━━ Data section

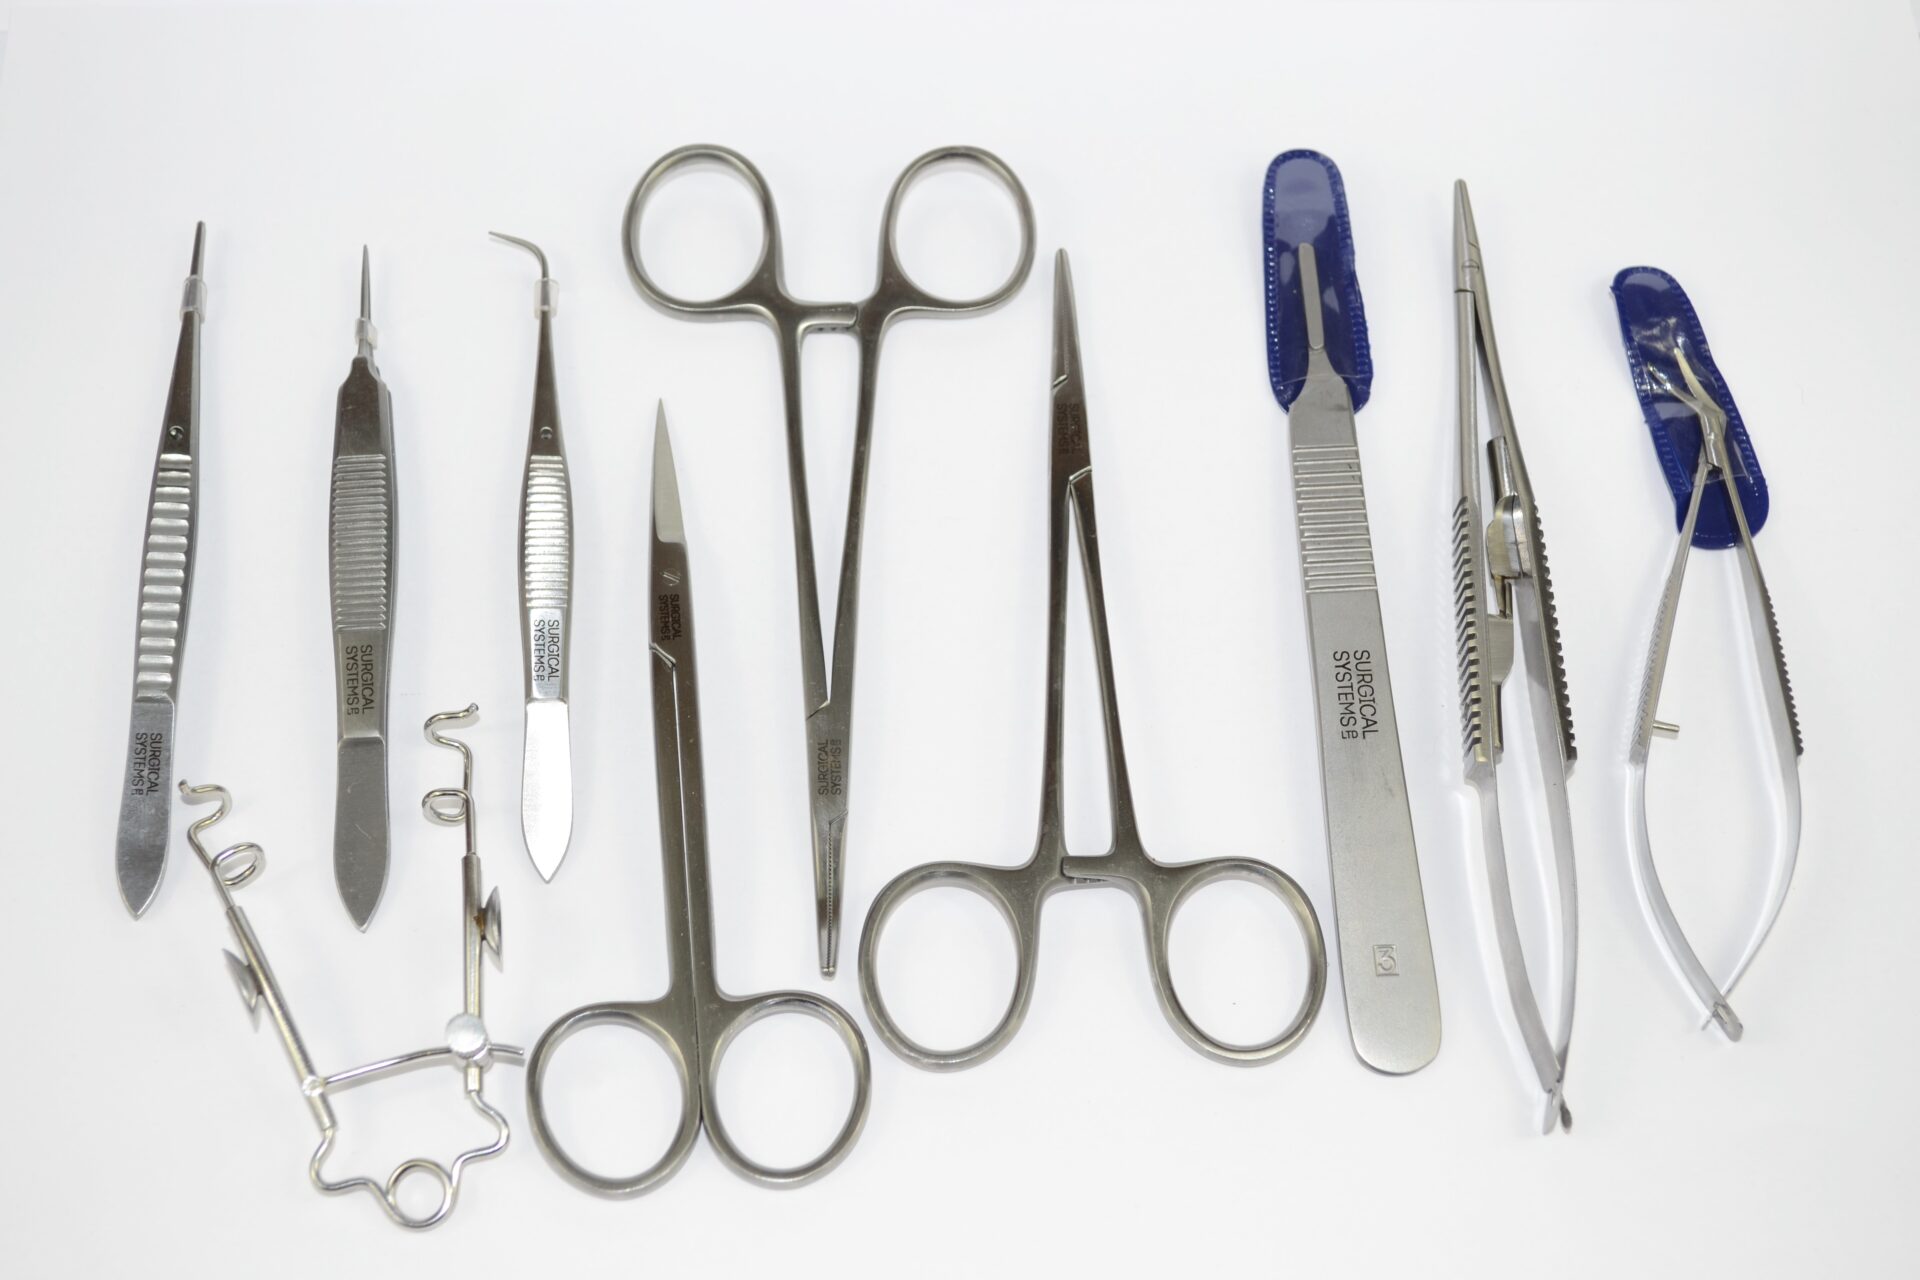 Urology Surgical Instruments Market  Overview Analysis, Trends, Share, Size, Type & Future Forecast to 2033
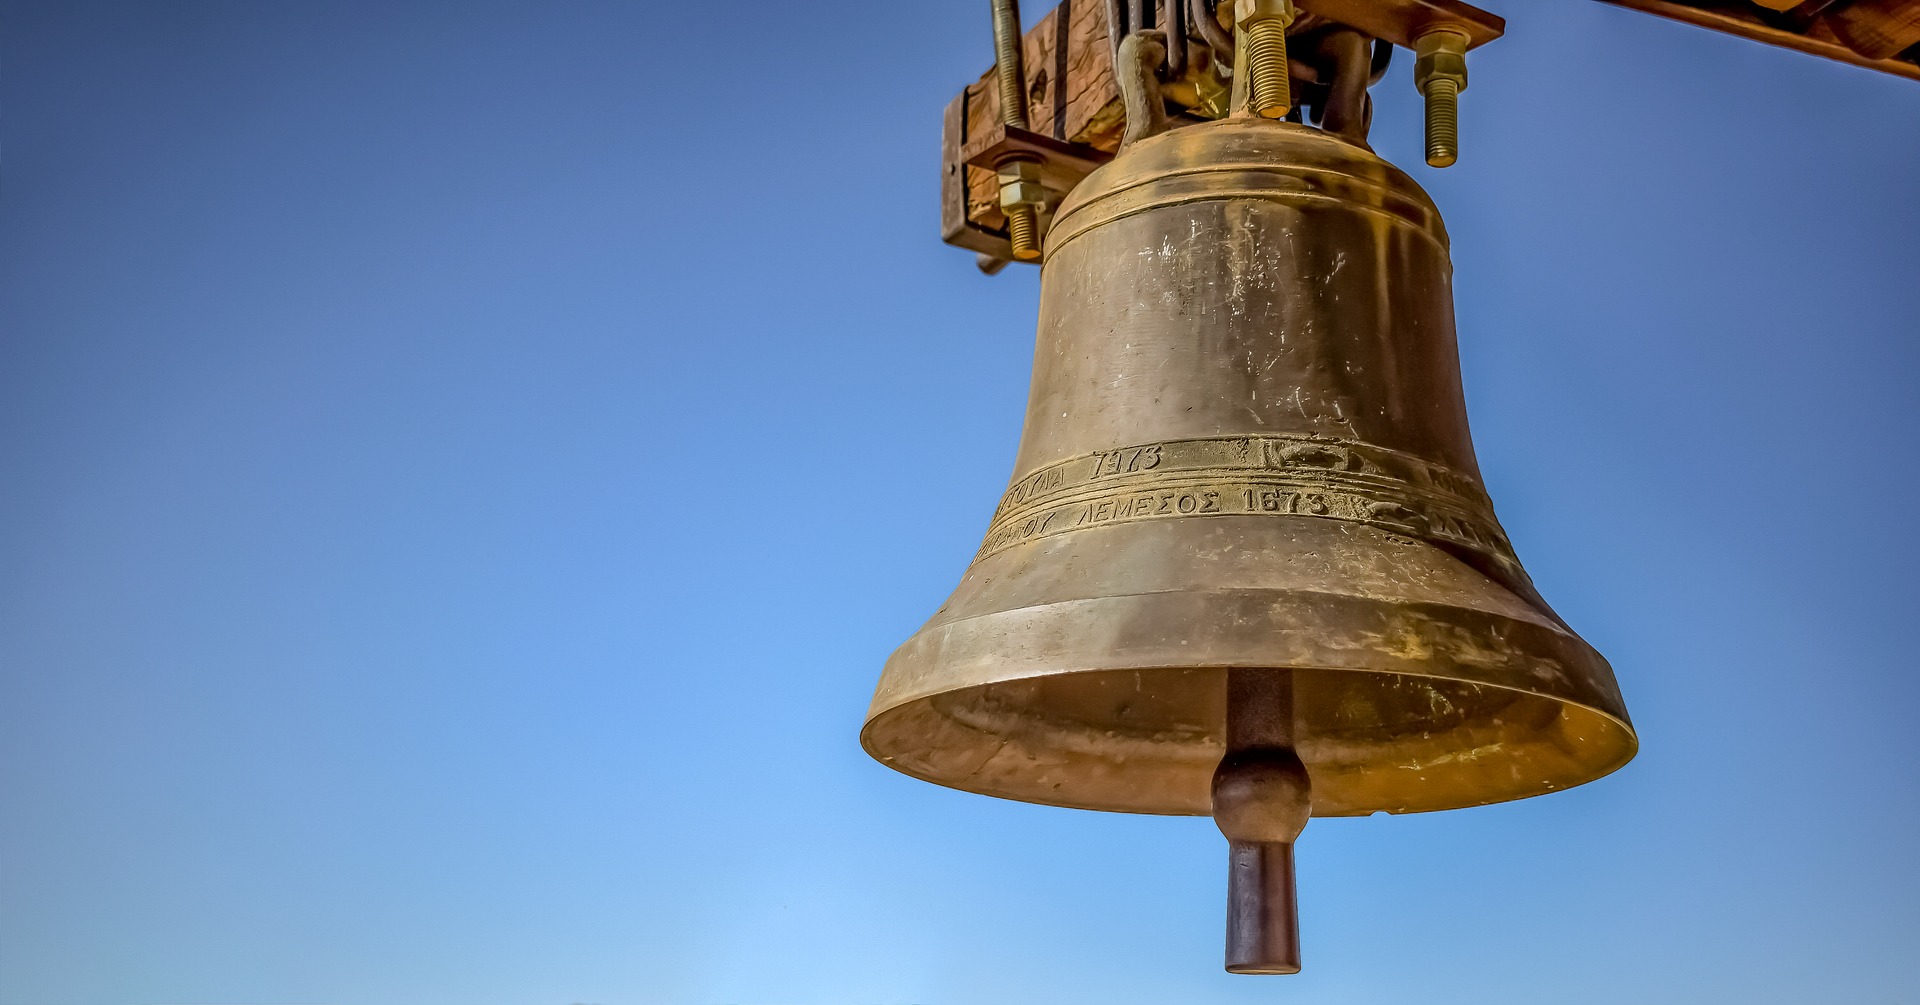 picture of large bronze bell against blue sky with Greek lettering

━━━━
━━ Data section

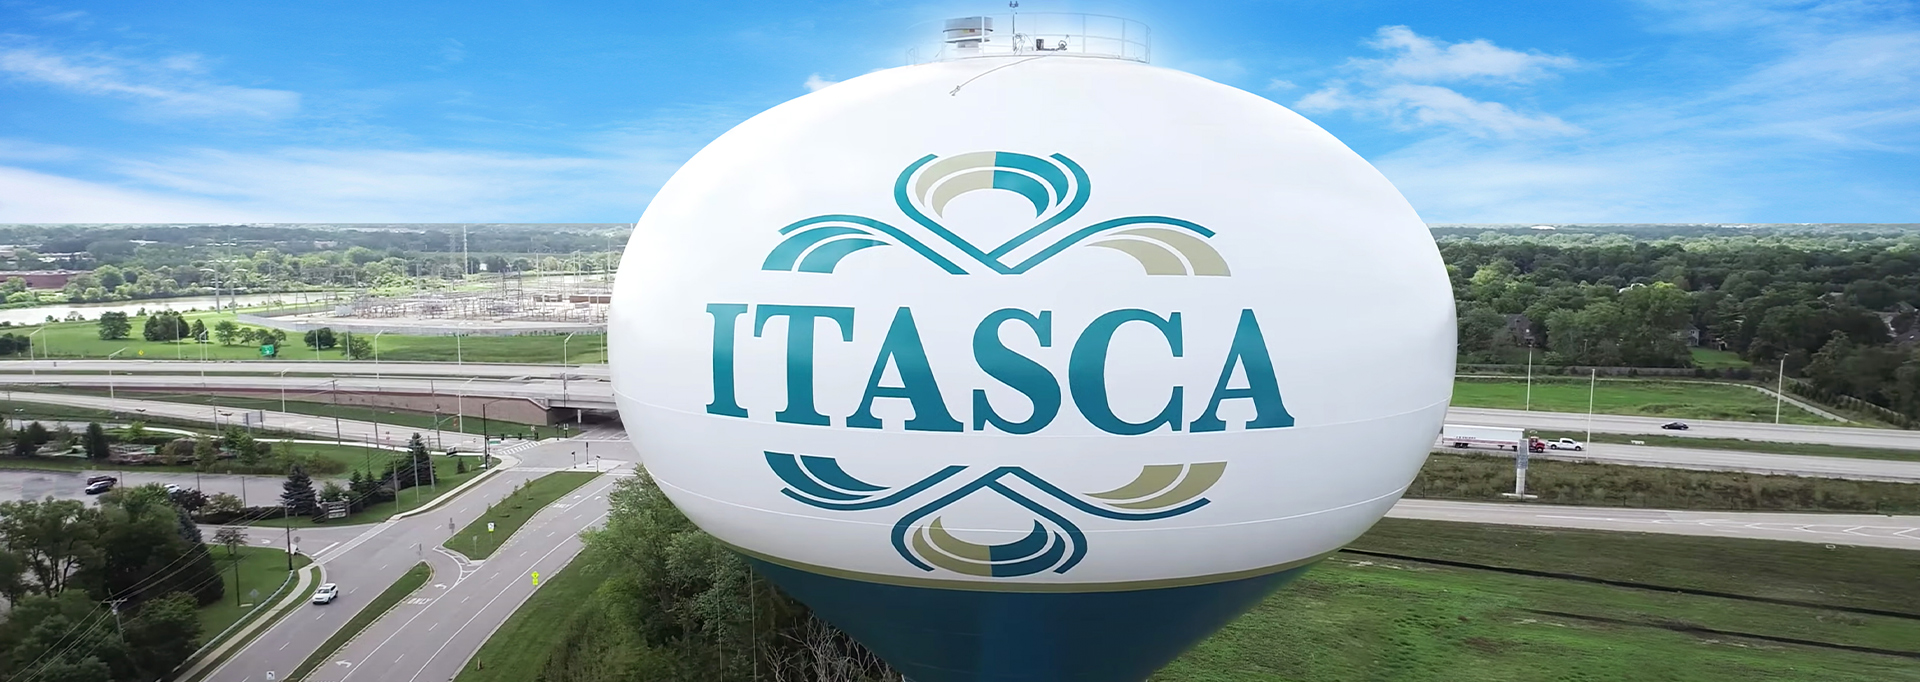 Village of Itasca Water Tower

━━━━

## Instructions for the task
Would you output only the span of the records above that opens with the line containing "Urology Surgical Instruments" and closes with the line containing "picture of large", ends included and pictures dropped?

## Finished exercise
 Urology Surgical Instruments Market  Overview Analysis, Trends, Share, Size, Type & Future Forecast to 2033
 picture of large bronze bell against blue sky with Greek lettering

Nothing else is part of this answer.